I have a df:
Value1 Value2 1 2 3
1 A 0 1 2
2 B 3 4 5
3 C 2 2 2
I want to perform sumproduct between the rows and the columns 1 2 3:
Value1 Value2 1 2 3 sumproduct
1 A 0 1 2 8 = 0*1 + 1*2 + 2*3
2 B 3 4 5 26 = 3*1 + 4*2 + 5*3
3 C 2 2 2 12 = 2*1 + 2*2 + 2*3
I've tried (df.values*df.columns.values).sum(1)
but then I need to drop Value1
and Value2
columns first.

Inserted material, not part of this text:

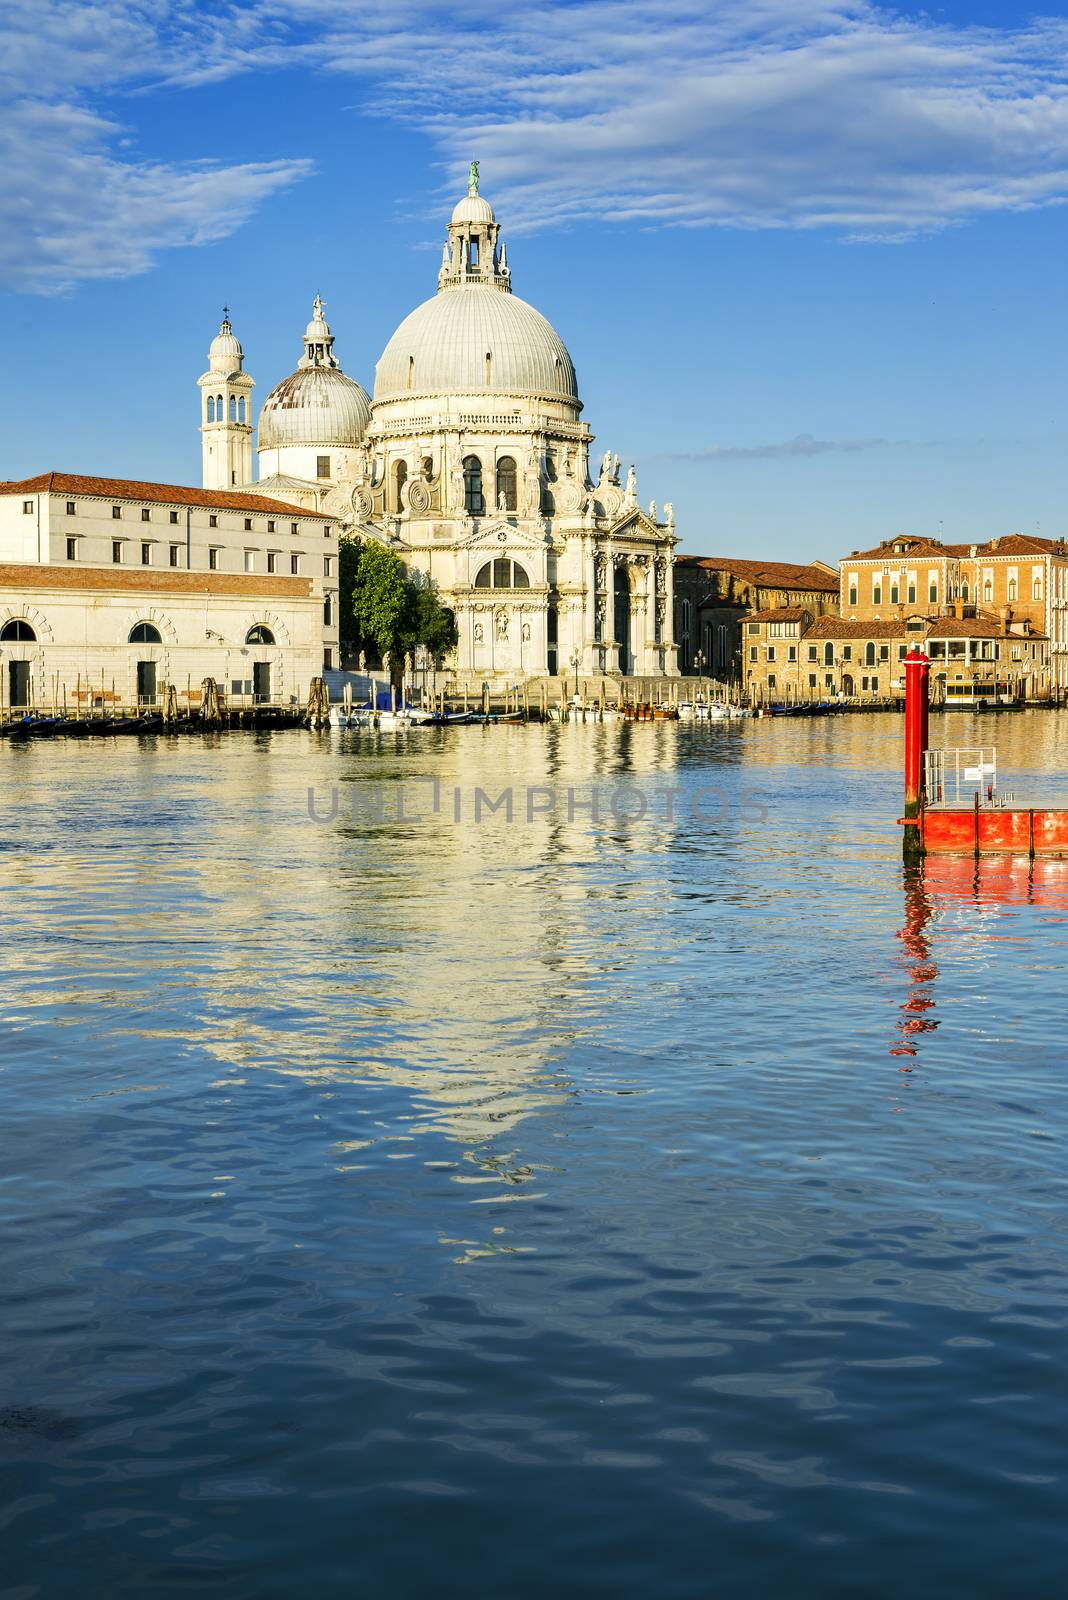 Gondola on Canal Grande with Basilica di Santa Maria della Salute in the background, Venice, Italy

Is there a better approach?
Many thanks!
Use DataFrame. groupby(). sum() to group rows based on one or multiple columns and calculate sum agg function. groupby() function returns a DataFrameGroupBy object which contains an aggregate function sum() to calculate a sum of a given column for each group.
To sum pandas DataFrame columns (given selected multiple columns) using either sum() , iloc[] , eval() and loc[] functions. Among these pandas DataFrame. sum() function returns the sum of the values for the requested axis, In order to calculate the sum of columns use axis=1 .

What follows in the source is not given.